The cost of legal action has led the Medical Council to abandon its proposed statement on the advice doctors should give when they have a conscientious objection to abortion.
Having spent more than $214,000 defending its draft statement in court, the council decided it must balance financial prudence with the desire to provide guidelines, chair John Adams says.
The council will not continue its appeal against last year’s High Court ruling from Justice Alan MacKenzie (New Zealand Doctor, 15 December 2010).
The decision has prompted dismay from a prominent sexual health physician, Carol Shand, but relief from legal challenger, Catherine Hallagan. Both are Wellington GPs.
Dr Adams says the end result, no guideline, was not what the council wanted. It felt there was some difficulty for doctors trying to interpret their obligations.
Anecdotally, there were also concerns about access to appropriate services for women in isolated areas with limited choice of doctor, which made the advice to those seeking an abortion particularly important.

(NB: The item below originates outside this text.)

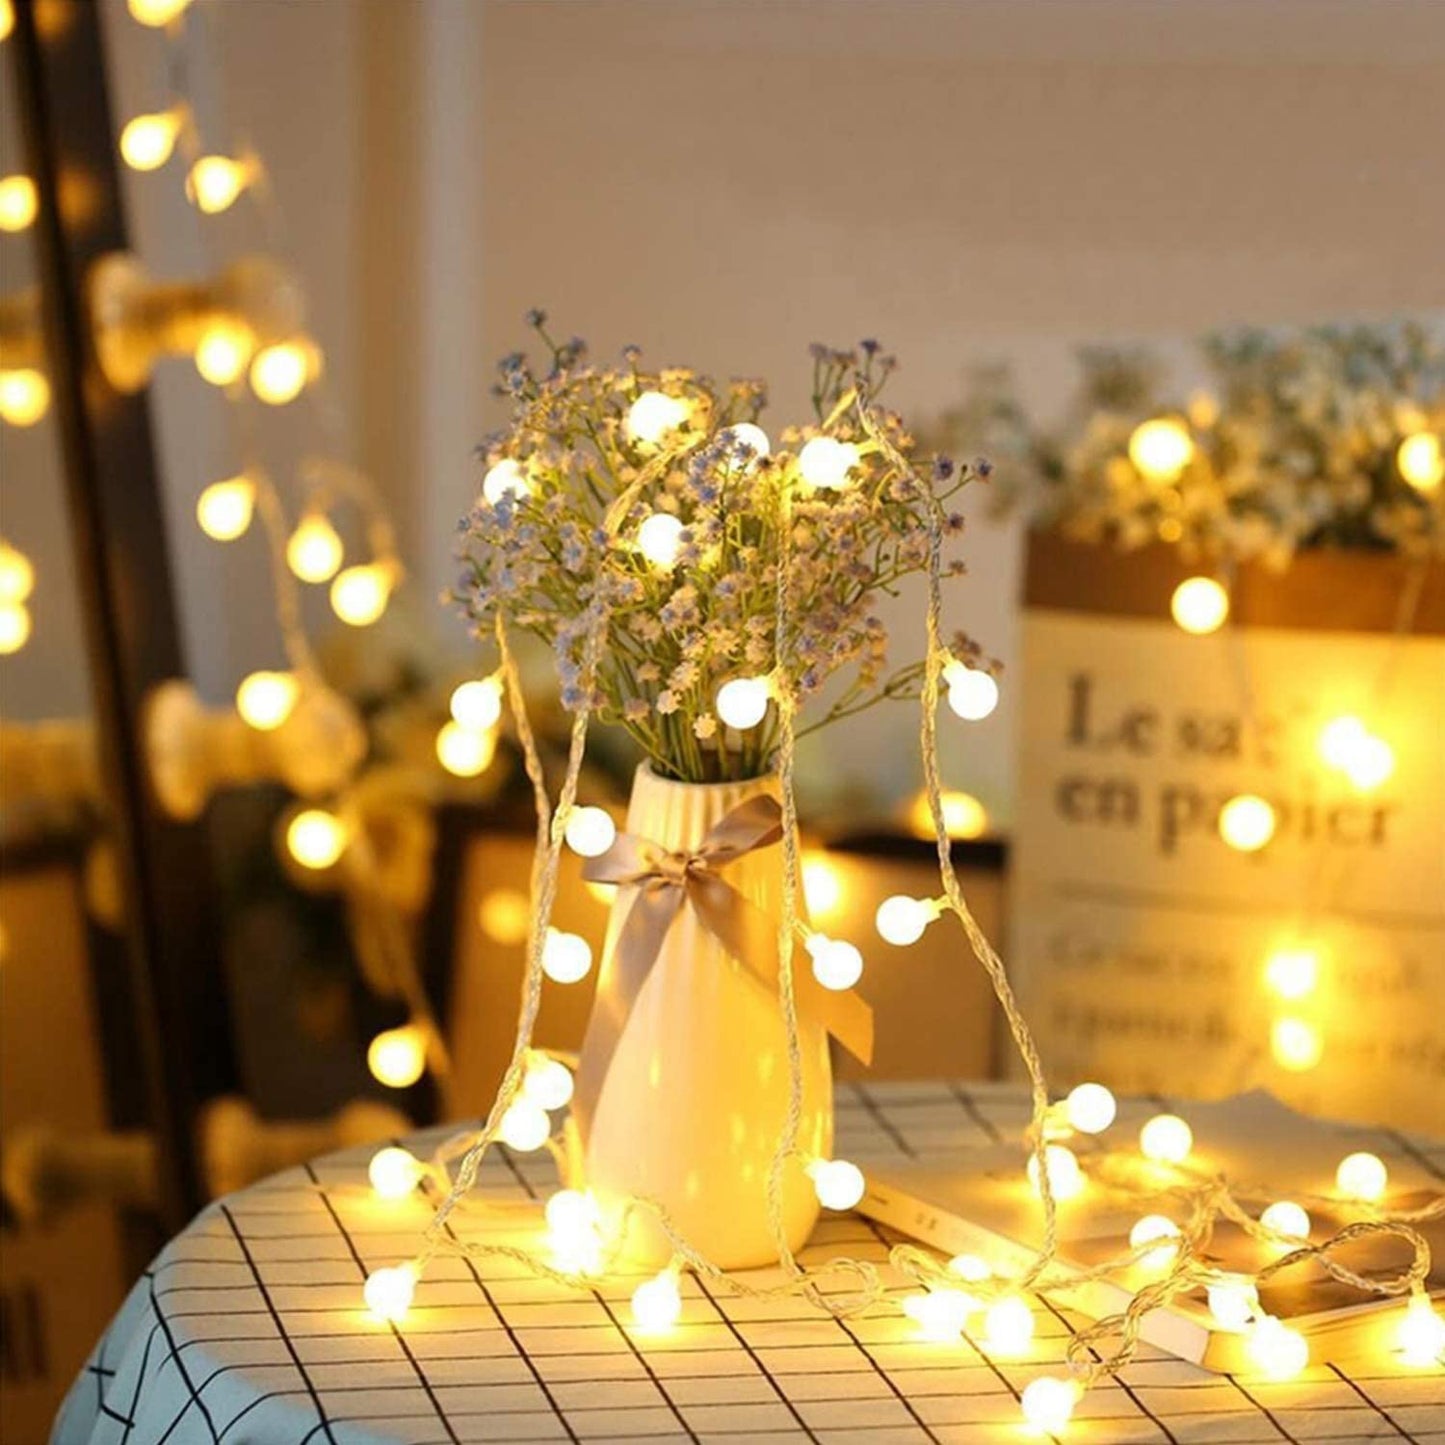 Guirlande LED Veilleuse Intérieur - Idéale pour créer une ambiance chaleureuse et romantique dans votre maison

Countries such as the UK had guidance similar to that proposed by the council, says Dr Adams.
But here, the judgement of Justice MacKenzie stands.
The council was seeking to advise that doctors who object must arrange for the woman to be seen by another doctor, one who could weigh up the abortion request and take steps for it to be assessed.
However, the judge ruled that the doctor who objects can simply inform the woman she can obtain the service from another health practitioner or from a family planning clinic; or, if it is not against their conscience, can refer to another doctor.
The council cannot add professional requirements on top of the legal ones, he ruled.
Dr Hallagan says: “[D]octors, troubled by referring patients for consideration of an abortion because of a conscientious objection to providing that service, can be reassured that they do not have to make such a referral.”
Via email, she told New Zealand Doctor she had been shocked by the council’s statement.
As lead plaintiff, the second plaintiff being a group called the New Zealand Health Professionals Alliance, Dr Hallagan sought a judicial review which, she says, “validated the lawful right of a medical practitioner to practise independently in accordance with his or her conscience”.
A cross appeal had also been filed against aspects of the judge’s decision and had now been dropped.
Dr Shand says the outcome will be damaging delays for a minority of pregnant women having to start from scratch and seek a doctor who will refer to certifying consultants.
Some women could find themselves going to several doctors, and some, who do not understand the system, could end up having babies they had not wished to have, she says.
The ruling does not support women’s right to independent consideration of her circumstances and what she wants, and what is in a woman’s best interests under the Contraception, Sterilisation and Abortion Act, Dr Shand says. A certifying consultant herself, she would have liked the matter tested in the country’s highest courts.
Meanwhile, Dr Adams is pointing to the council’s Good Medical Practice standard, stating (in part): “Your personal beliefs should not affect your advice or treatment…If you feel [they] might…you must explain this to patients and tell them about their right to see another doctor.”